Was Frank proposing a system in which we encourage quick fixes to those faced with systemic oppression? I don’t think so. But the questions remain: Is it right to reappraise any injustice? At what point do we become complicit in perpetuating the injustice?
Wired for compassion
The last speaker, Amy Cameron, an assistant professor of psychiatry and human behavior at Alpert Medical School, gave a delightful lecture called “Compassion is the Answer.”
Cameron said that Charles Darwin theorized that “sympathy will have been increased through natural selection,” [something that social Darwinists of the early 20th century apparently missed]. We are wired for compassion and physiologically rewarded for it, Cameron argued. Compassion feels good.
Imagine having coffee with a friend telling you about a recent break-up. You might make the universal sign of compassion: put your hand over your heart, then take a deep sigh. The act of exhalation stimulates the vagus nerve: it slows your heart rate, drops your blood pressure, and stimulates the release of the feel-good hormone oxytocin. You don’t enjoy the suffering; rather, you enjoy the chance to alleviate it, if only by listening over a latte.
The compassionate parts of our brain are the last to stop developing, according to Cameron. It’s not until we are in our late 20s that we are fully mature in such “compassion zones,” she said. Could this be an example of neuroanatomy reflecting ethics? What does it mean that compassion takes so long to develop? Is this nature’s way of giving humans multiple chances to become good? It certainly suggests that compassion takes work.

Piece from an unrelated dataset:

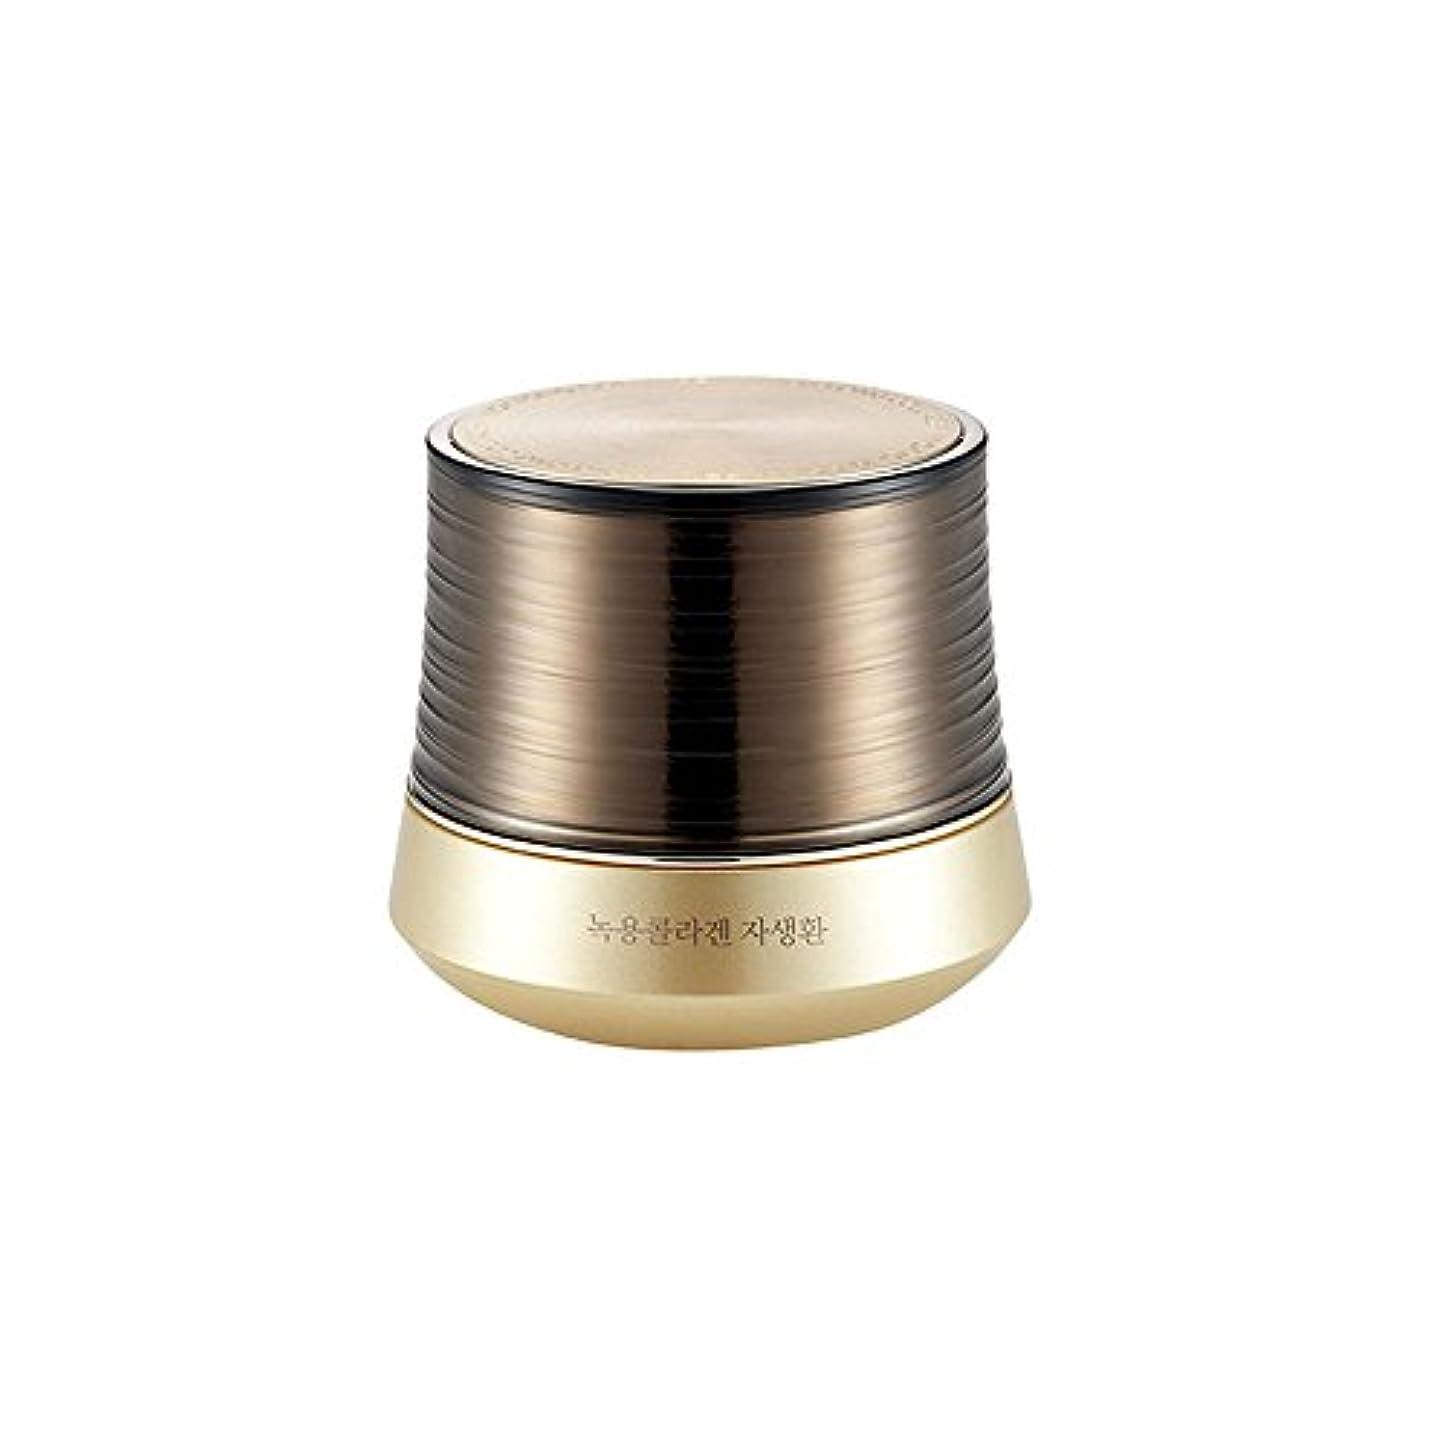 [ザ?フェイスショップ] The Faceshop 鹿茸コラーゲンコントゥールリフトゴールドカプセルクリーム50g The Faceshop Nokyong Collagen Contour Lift Gold Capsule...

The politics of compassion
Along those lines, one audience member admitted that he was “intolerant to intolerance.” This brought up a lively discussion about our current political climate. Cameron reminded us that, just maybe, there are reasons for the voting habits of extreme conservatives in America [of whom there seemed to be none in the audience]. Should liberals, for whom compassion is a kind of shibboleth, practice more compassion toward conservatives?
Usmani suggested that a compassionate approach might lead to better political outcomes. Perhaps we would see less reactionary voting habits if both parties felt listened to and heard. Again, this sounds like a practical, goal-directed approach toward injustice. But, like accepting a $2 offer in the ultimatum game, is it right?
A conversation shift such as this risks neglecting the people for whom the conversation was initially about: the truly marginalized.
Then again, perhaps some New Englanders, such as our northern neighbors in Suffolk County, Mass., who were recently reported in The Atlantic to be “the most politically intolerant” county in the U.S., could benefit with a lesson or two from these brain researchers at Brown.